Ancaman Peretasan Data dan Pengambilalihan Akun Semakin Menghantui

Jubun juga menjelaskan bahwa rekayasa sosial atau peretasan menjadi contoh lain dari penipuan AI. Serangan phishing dengan teknologi AI ini menggunakan algoritma untuk menyusun pesan yang sangat personal dan meyakinkan.

Kemampuan untuk menganalisis kumpulan data dalam jumlah besar, membuat AI bisa menyesuaikan pesan phishing untuk individu tertentu. Hal ini bertujuan untuk meningkatkan kemungkinan mengelabui penerima agar mengungkapkan informasi sensitif atau mengunduh malware.

“Anda mungkin pernah menerima SMS atau pesan WhatsApp dari nomor asing dan isinya adalah link? Ini contoh upaya rekayasa sosial,” ujar Jubun. 

Ketika mengklik tautan tersebut, maka besar kemungkinan ponsel atau akun milik Anda diretas. 

Tahun lalu, pengusaha aksesoris asal Lawang, kabupaten Malang menjadi korban dari peretasan ini. Kerugiannya mencapai 1,4 miliar rupiah karena klik link undangan pernikahan berformat apk.

Studi yang dilakukan oleh KnowBe4 menunjukkan bahwa taktik ini digunakan pada lebih dari 90% serangan phishing.

Para penjahat siber ini menggunakan AI untuk menganalisis media sosial dan data online lainnya. Selanjutnya, data yang terkumpul dipakai untuk merancang serangan rekayasa sosial yang bertarget dan persuasif. 

Kerentanan psikologis korban dan lemahnya pengamanan seperti password serta tidak aktifnya two factor authentication menjadi celah untuk memanipulasi.

“Taktik seperti ini banyak digunakan dalam pengambilalihan akun (Account Takeover),” ungkap Jubun.

Account takeover ini memungkinkan penipu untuk mengakses akun perbankan, kredit, e-commerce, atau media sosial pengguna secara ilegal.

Bahaya Pencurian Identitas dan Pemalsuan Dokumen

Detektif Jubun membeberkan bahwa penipuan AI lain yang patut Anda curigai adalah pencurian identitas dan pemalsuan dokumen. Keduanya berpotensi merusak image, menjatuhkan skor kredit, hingga memicu kerugian finansial.

Kejahatan ini menjadi ancaman serius karena secara tidak sadar Anda terikat secara hukum pada kontrak atau perjanjian. 

“Anda masih ingat dugaan kebocoran data eHAC (electronic Health Alert Card) saat pandemi Covid-19 lalu? Dugaan kebocoran mencapai 1,3 juta data pengguna, ” jelas Jubun.

Menurut Jubun yang sering mengajar di berbagai bank dan lembaga keuangan, apabila jika data-data yang bocor ini diperjualbelikan, maka pihak pembeli bisa menggunakannya untuk melakukan banyak hal. Contohnya seperti pengajuan kartu kredit , pembelian barang secara kredit, hingga pinjaman online.

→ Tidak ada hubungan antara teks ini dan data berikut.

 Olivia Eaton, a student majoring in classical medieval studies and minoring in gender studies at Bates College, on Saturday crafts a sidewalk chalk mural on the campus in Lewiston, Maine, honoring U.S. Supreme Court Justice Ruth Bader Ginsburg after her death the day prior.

“Pemilik identitas yang asli tidak akan sadar jika data mereka digunakan karena memang tidak pernah mengajukan apapun,” imbuhnya.

Lanjut Jubun, penipuan lain yang masuk dalam pencurian identitas ini adalah love scam.

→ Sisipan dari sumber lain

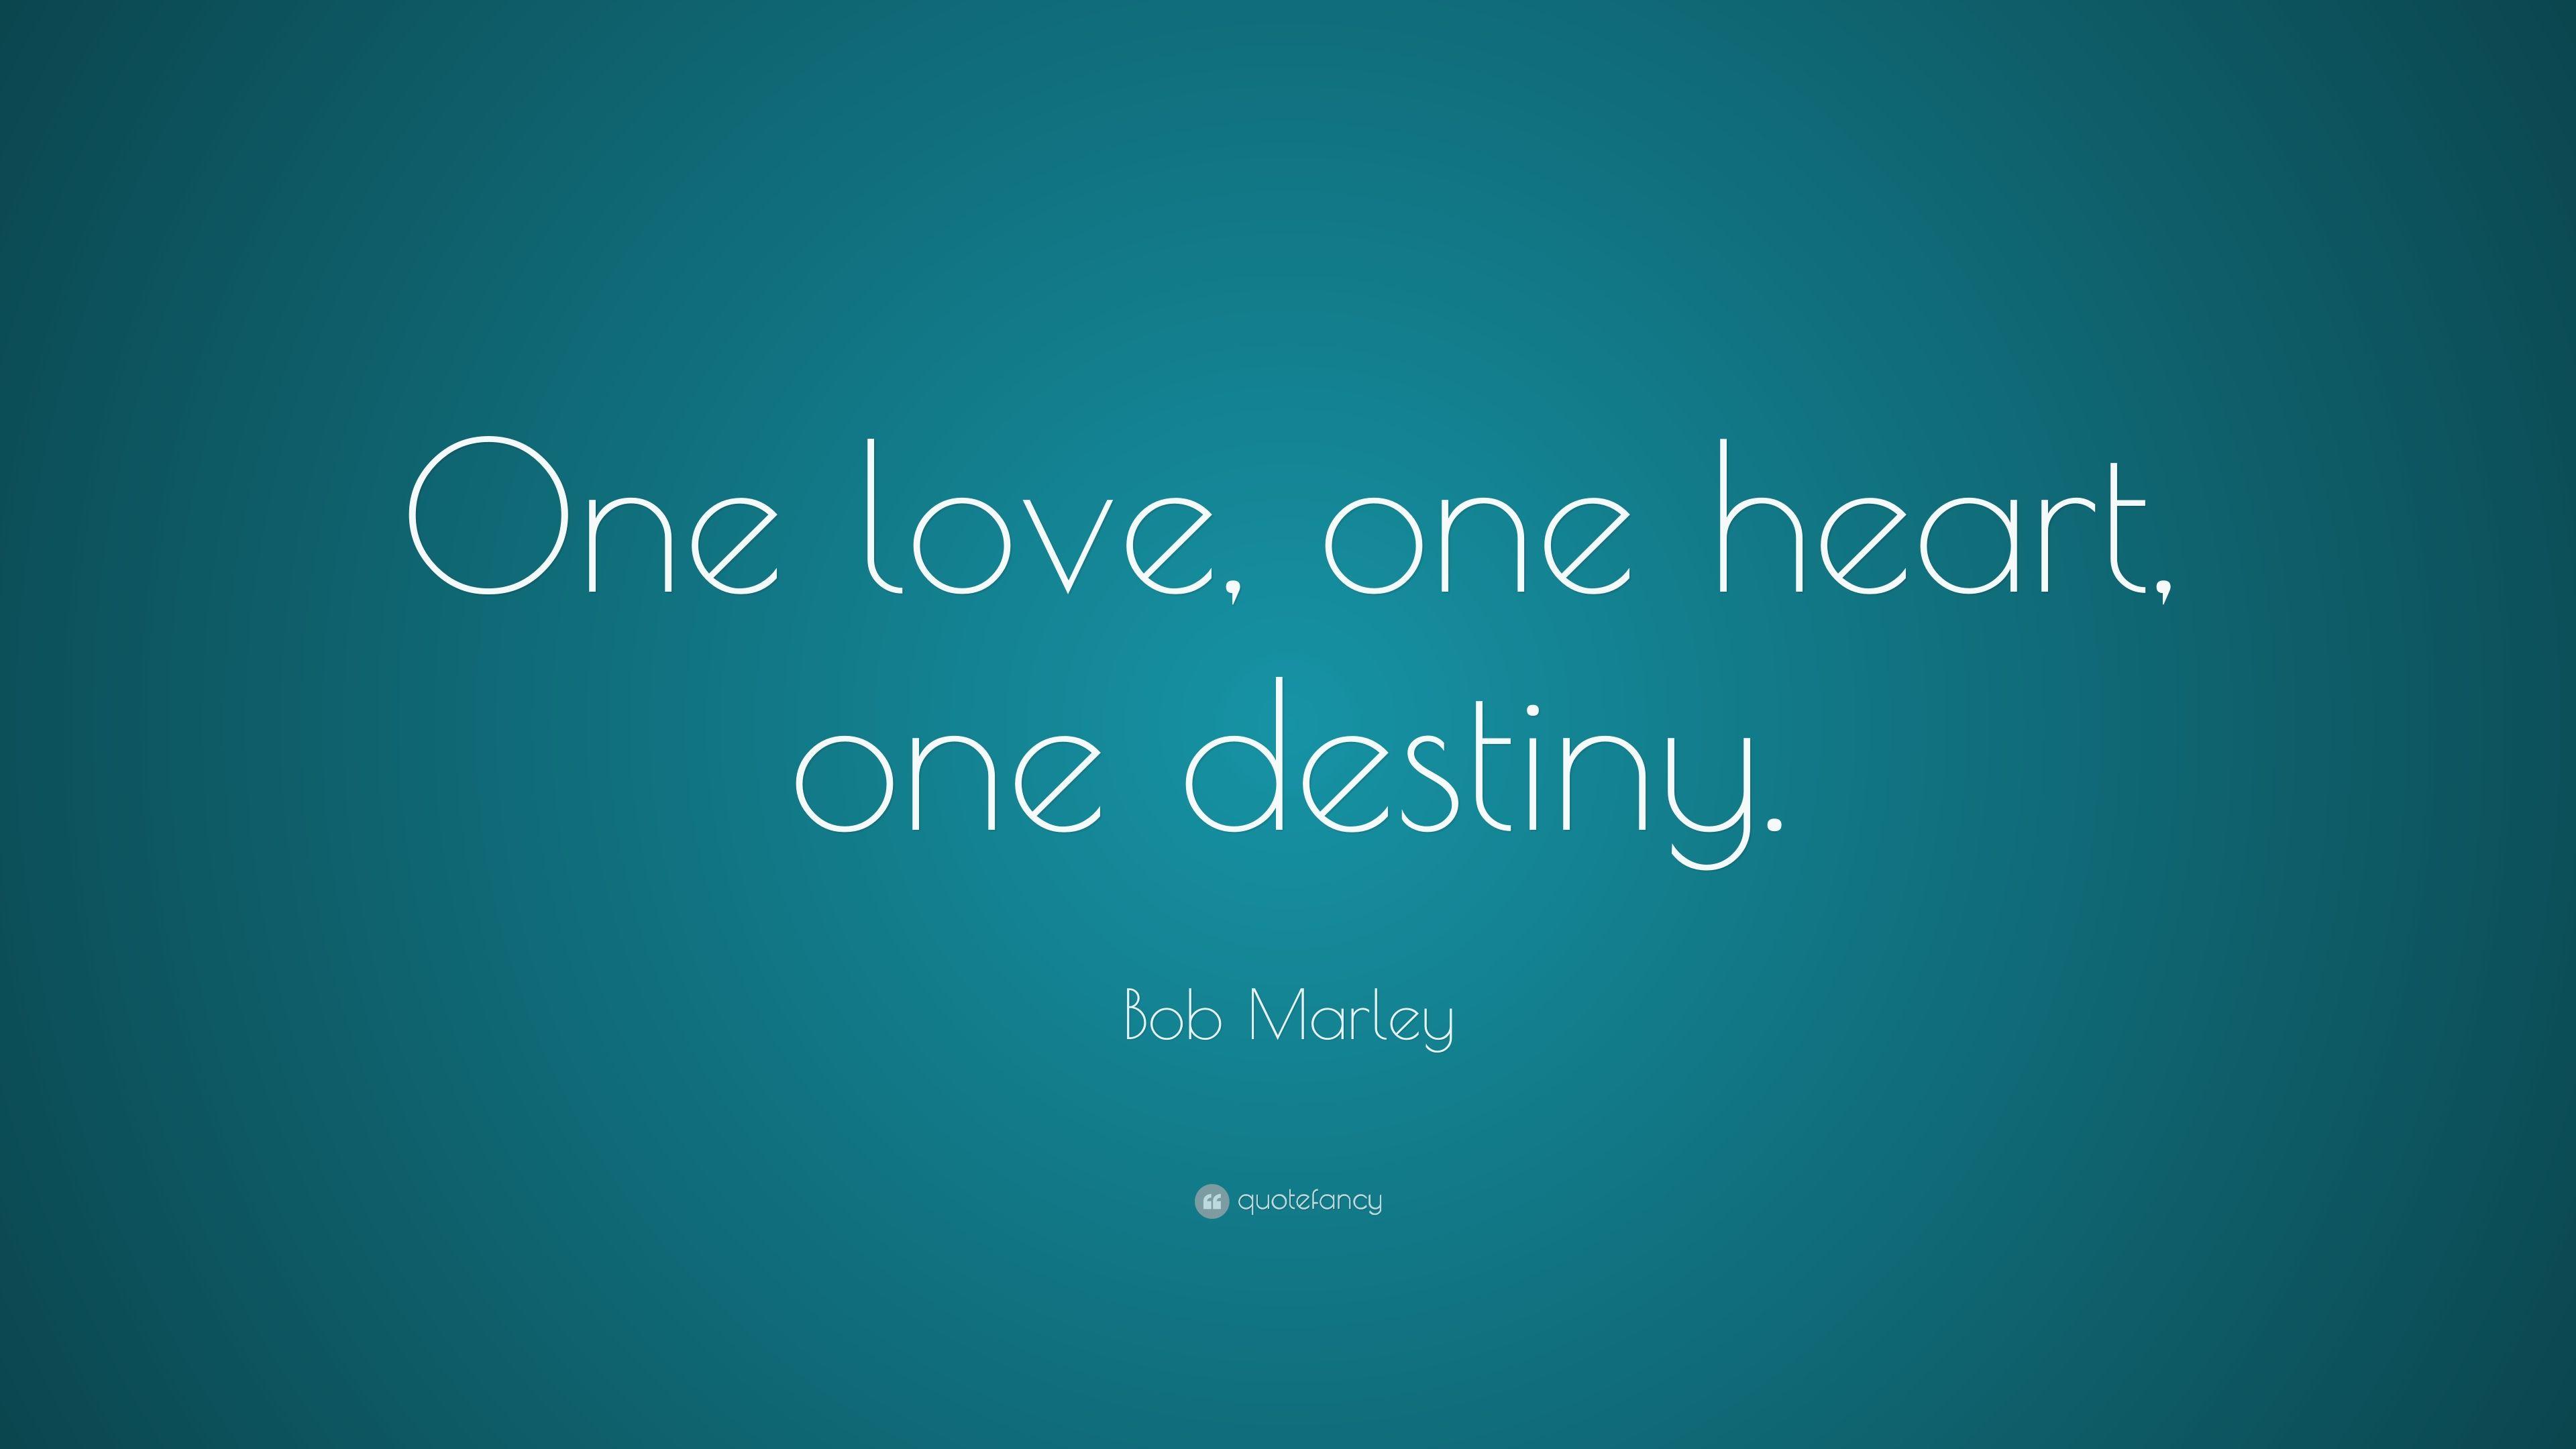 Bob Marley Quote: “One love, one heart, one destiny.” 22 wallpaper

“Para penipu ini memanfaatkan AI untuk menulis secara meyakinkan dalam bahasa korban. Mereka juga membuat foto profil menggunakan identitas orang lain ataupun membuat foto palsu menggunakan AI. Penipu akan mendekati dan melibatkan korban secara emosional, sebelum akhirnya menipu,” ujar Jubun.

Canggihnya teknologi saat ini mungkin membuat Anda kesulitan untuk memastikan apakah sesuatu yang Anda hadapi asli atau palsu. Namun, Detektif Jubun memberikan tips untuk selalu melakukan verifikasi agar terhindar dari penipuan AI dan lainnya. Ia berpesan agar sebaiknya melakukan verifikasi terlebih dahulu sebelum mempercayai sesuatu.